Credit unions have a different, perhaps better, approach to mortgages

Hands holding a house

Credit unions make home loans a little differently than other lenders, and they must be doing something right.

The first mortgage delinquency rate for credit unions is just over 2%, compared to 13% for all lenders.

North Carolina State Employees' Credit Union is a typical credit union -- its foreclosure rate is well below the national foreclosure rate.

SECU charges all members the same interest rate and favors a 2-year, adjustable-rate loan.

That means any of its members whose homes are underwater aren’t locked into paying a 5% or 6% interest rate because they can’t refinance a fixed-rate loan.

Their mortgage rates came down when overall rates fell.

That’s helped avoid defaults.

(Of course, as interest rates rise, the rates on these mortgages will rise, too.)

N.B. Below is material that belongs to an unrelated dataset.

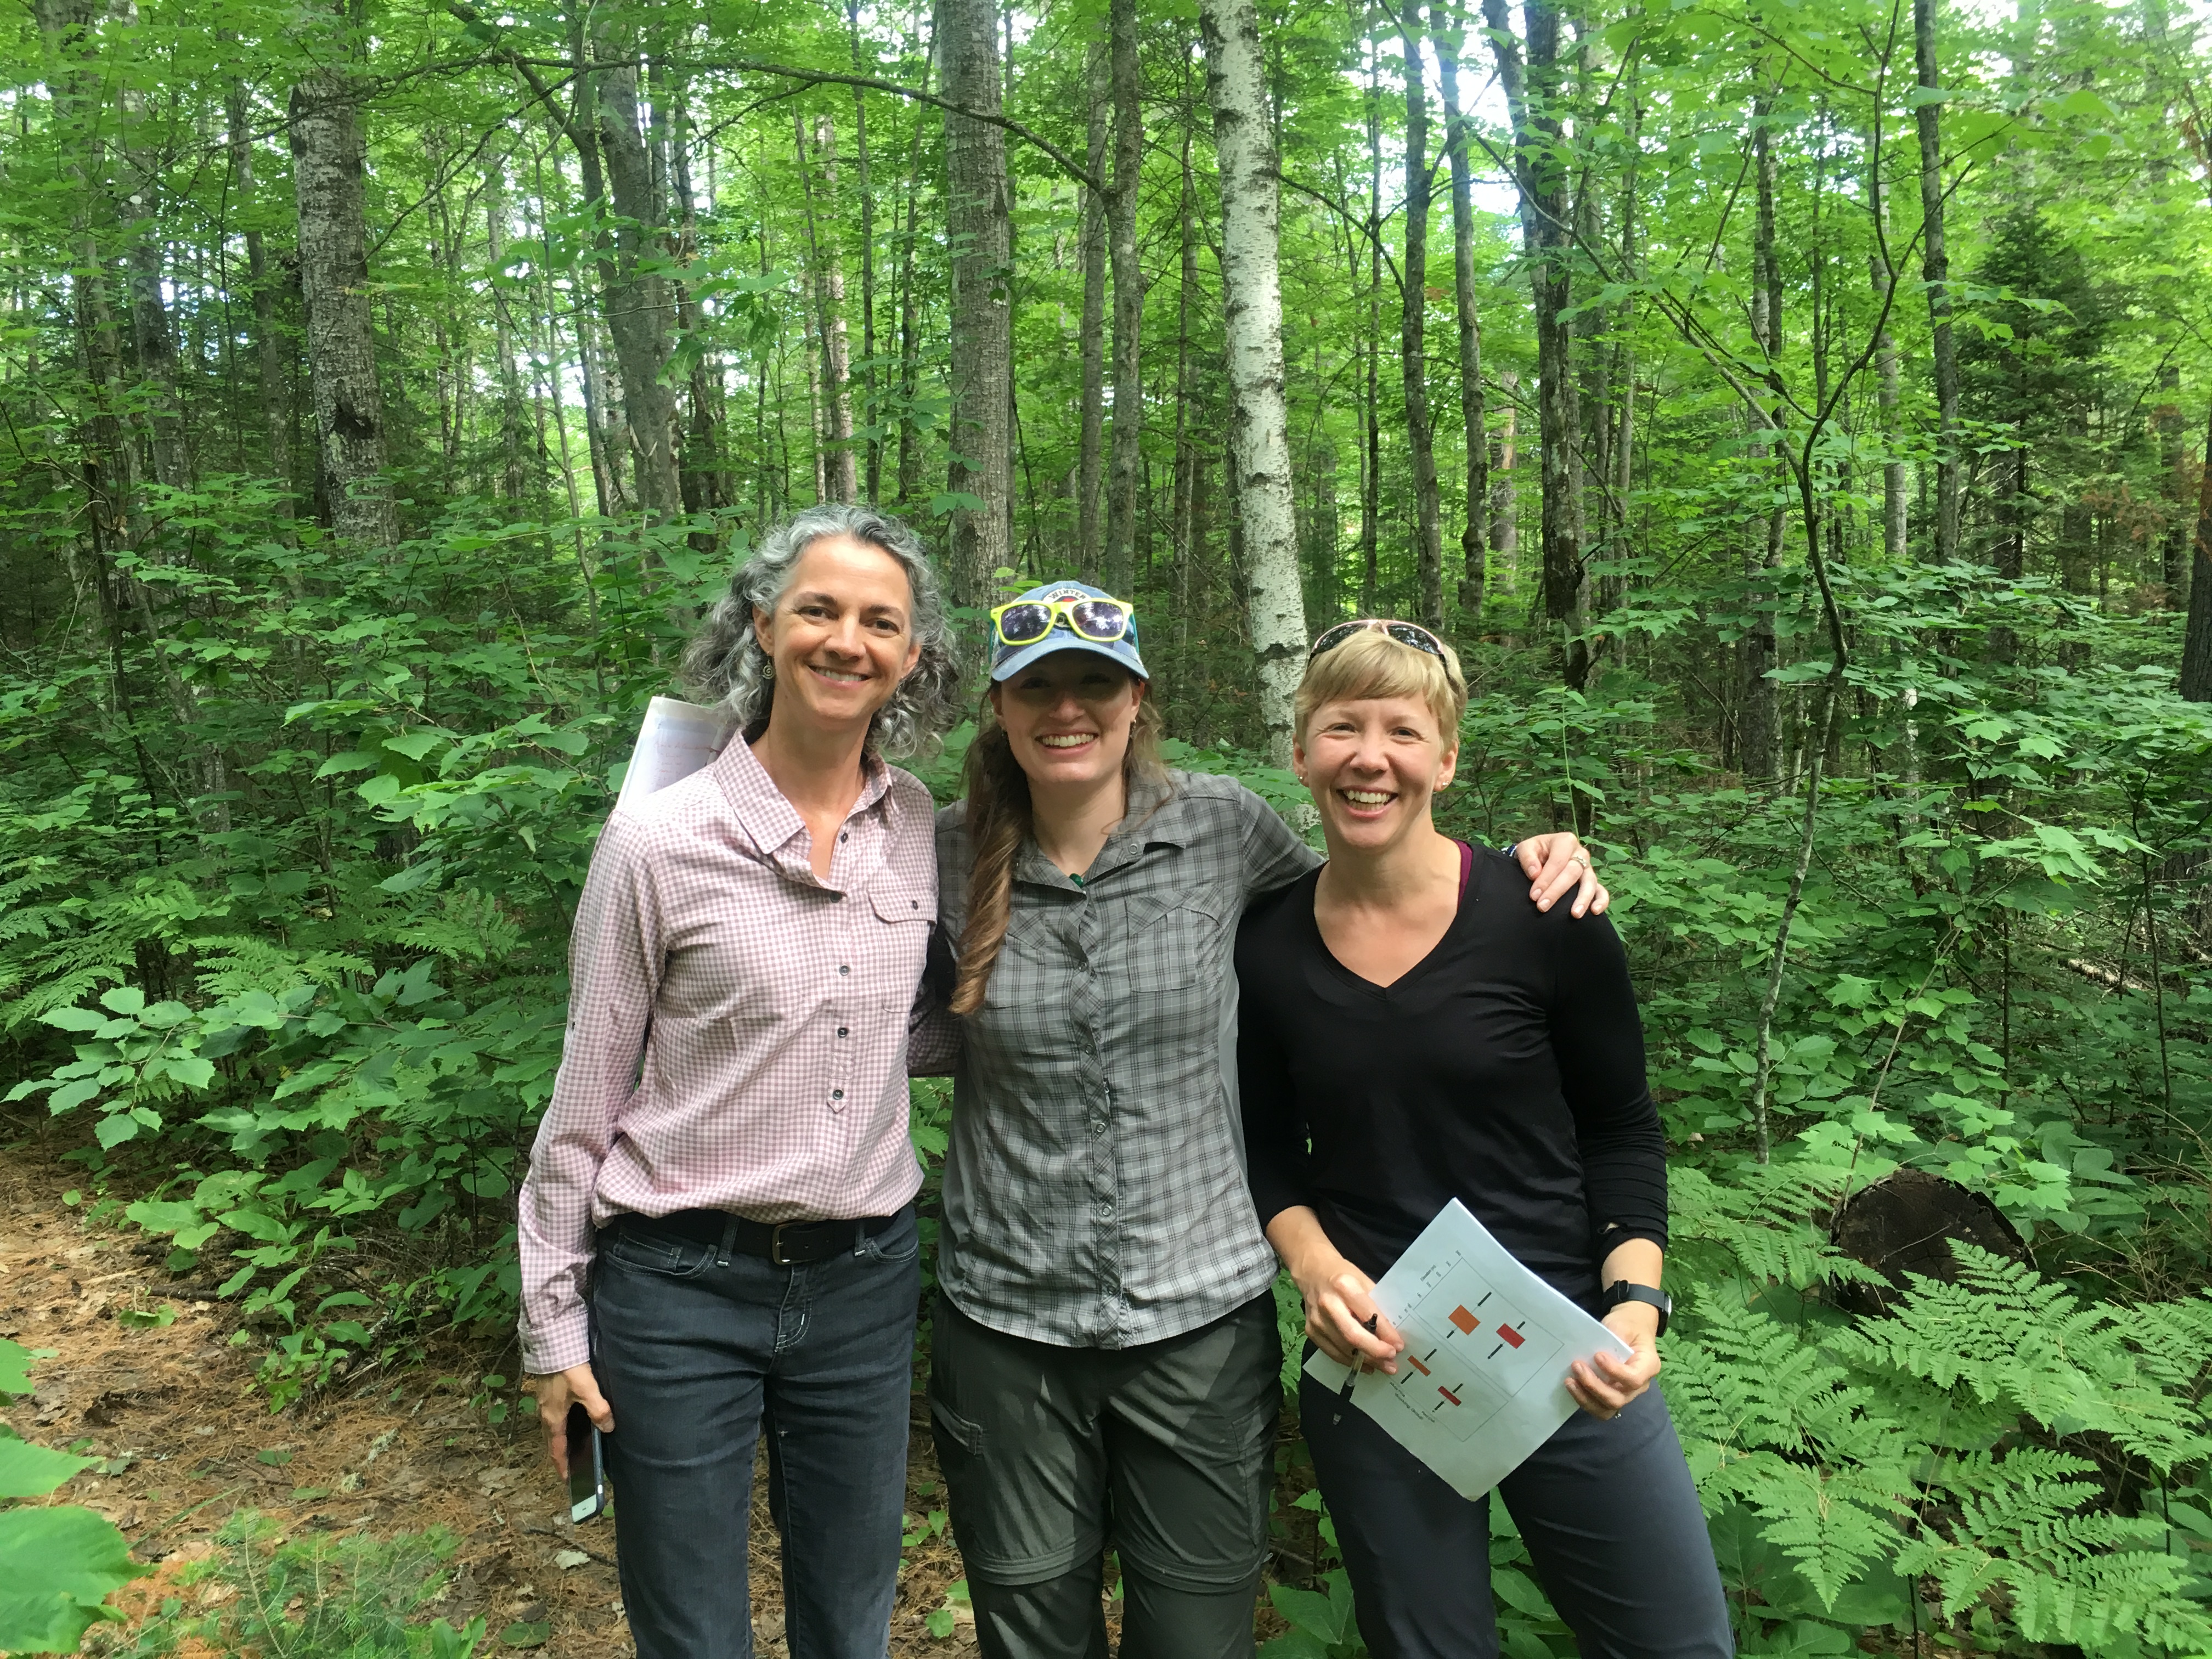 Linda Nagel, Courtney Peterson, and Maria Janowiak visit the Petawawa Research Forest, Ontario Canada, an Adaptive Silviculture for Climate Change Network site.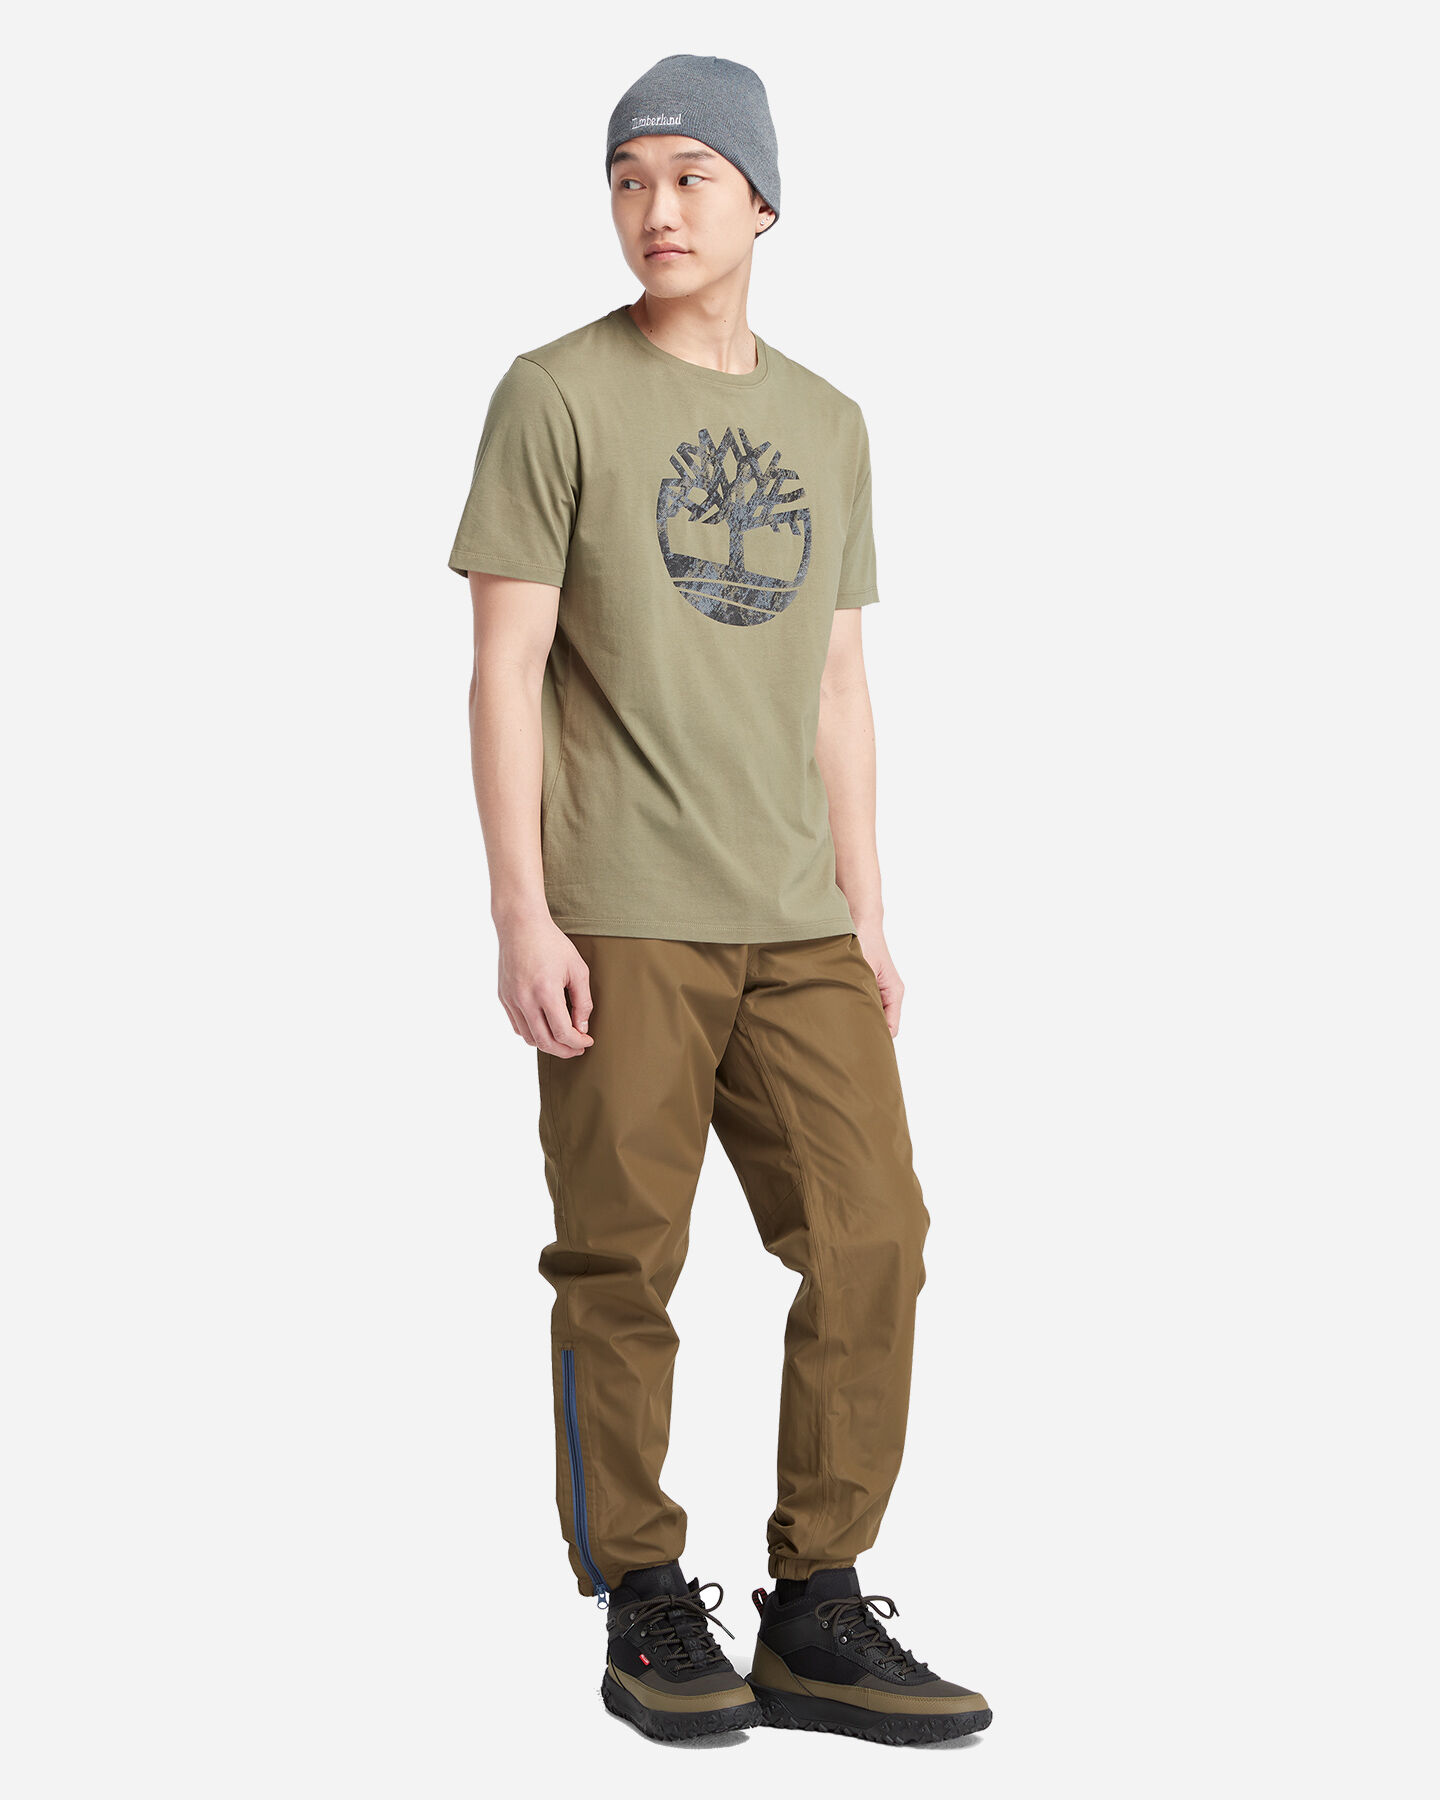  T-Shirt TIMBERLAND CAMO TREE M S4127278|5901|S scatto 5

The other reason for SECU’s low foreclosure rate: It offers in-person financial counseling. When financial hardships happen, SECU senior staffers do face-to-face counseling with the member borrower to develop a workout plan.

When it makes loans, SECU doesn’t rely only on lending models based on risk and credit scores. It also uses salaried loan officers who stay involved in servicing and collecting on the loans, and it keeps ARMs in its portfolio rather than selling them to an investor.

"Keeping mortgage loans on our books means SECU is extremely interested in assuring that the loan is appropriate for the member," says Spencer Scarboro, SECU's senior vice president of loan originations. "We think it's much better to focus on the character of our members and their ability to repay a loan than to just rely on a credit score to make that determination."

Granted, in the current market, lending standards are so tight that you’re more likely to have a hard time getting a loan than you are to get a loan that’s hard to repay.

But if you want a little extra reassurance that you really can afford the loan you’re considering, get the nod from a credit union.